A auxiliar administrativa Letícia Almeida de Araújo, 18, conta que estava em um show na Praça do Carmo, em Olinda (PE), durante o Carnaval, quando sentiu uma “queimação” no braço direito.
Ela pensou que era o contato com um cigarro, mas logo reparou em um furo pequeno no braço. O caso aconteceu no dia 9 de fevereiro.
Na hora, não consegui olhar direito, mas, quando encontrei um lugar mais calmo, vi que tinha um furo, com um pouco de sangue. Já tinha ouvido falar desses casos [carimbadores]. Vi o furo e pensei ‘e agora?’
O que aconteceu
Assim que notou o furo no braço, Letícia procurou um policial que estava na rua para saber o que poderia fazer. Ela recebeu a orientação de procurar um posto de saúde.
No local, os funcionários disseram que não poderiam ajudá-la e que ela deveria ir ao Hospital Correia Picanço, em Recife. Ela só conseguiu fazer isso no dia seguinte.
Com as festas, não tinha como pegar um Uber em Olinda, os táxis estavam caros. Era impossível. Na manhã do dia seguinte, fui ao hospital e recebi todo atendimento.
Fiz todos os exames de sangue, rapidamente, para HIV e hepatite, e todos deram negativos. Mas a médica explicou que algumas só poderiam aparecer depois de 30 dias ou mais.
A eficácia da PEP é de 95%, desde que o tratamento seja seguido corretamente, segundo dados do Ministério da Saúde. As medicações podem causar efeitos colaterais, como dor de cabeça e problemas intestinais, mas, na maioria dos casos, eles não costumam aparecer —ou somem rapidamente.

Casos no Recife e em Olinda
A Secretaria Estadual de Saúde de Pernambuco registrou 29 atendimentos a pacientes furados por agulhas entre os dias 9 e 15 de fevereiro. Segundo os relatos, eles foram vítimas de lesões provocadas por agulhas em diversos focos de folia no Recife e em Olinda.
Dos 29 pacientes, 16 eram mulheres e 13 homens. Entre os locais de ocorrência, a maioria foi no Recife (no Galo da Madrugada e no Marco Zero) e houve ainda 11 casos em Olinda.

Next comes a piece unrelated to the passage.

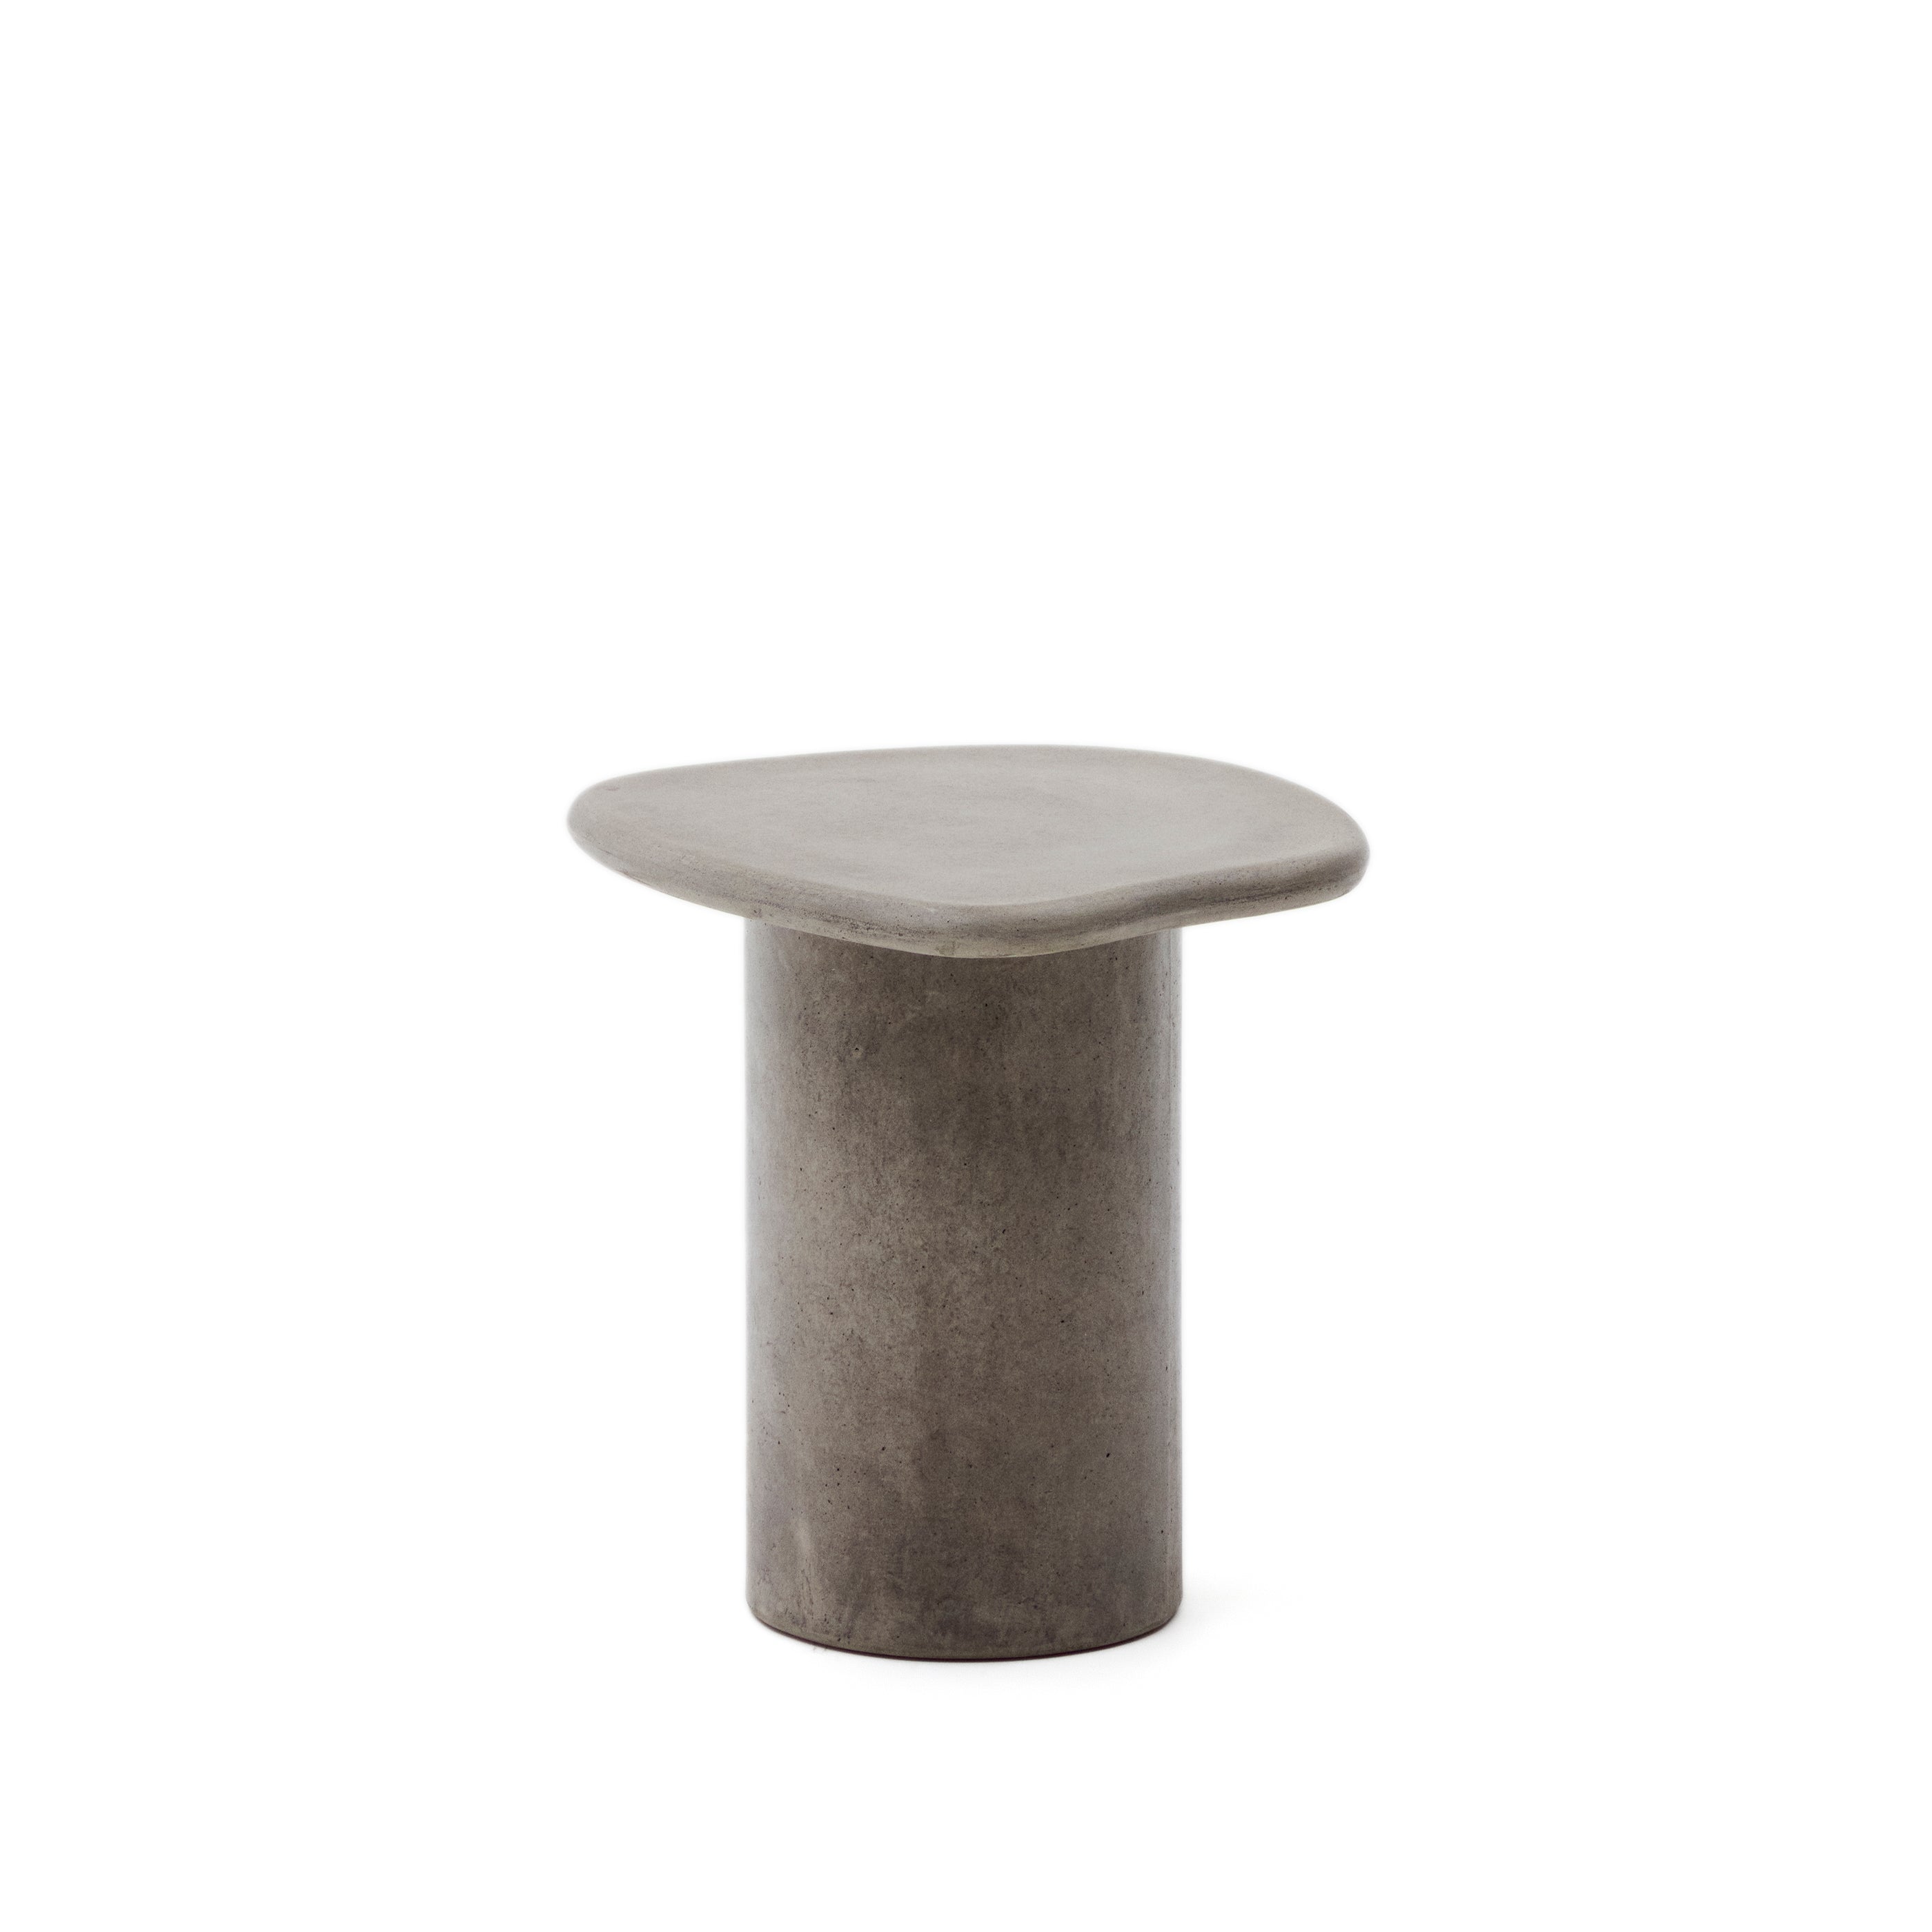 Macarella cement oldalsó asztal, 48 x 47 cm

Em 2020, pelo menos 41 foliões foram vítimas de agulhadas dadas por pessoas não identificadas, entre os dias 15 e 23 de fevereiro, segundo a secretaria. Os registros ocorreram durante as festas de Carnaval em Recife, Olinda e Orobó (PE).
Não se sabe se as agulhas estavam ou não contaminadas. Popularmente, pessoas que saem furando indivíduos com objetos pontiagudos, como seringas e agulhas, com objetivo de passar doenças, são chamadas de “carimbadores”. O termo também diz respeito ao grupo que faz sexo sem camisinha e sem mencionar o HIV aos parceiros, no intuito de transmitir o vírus.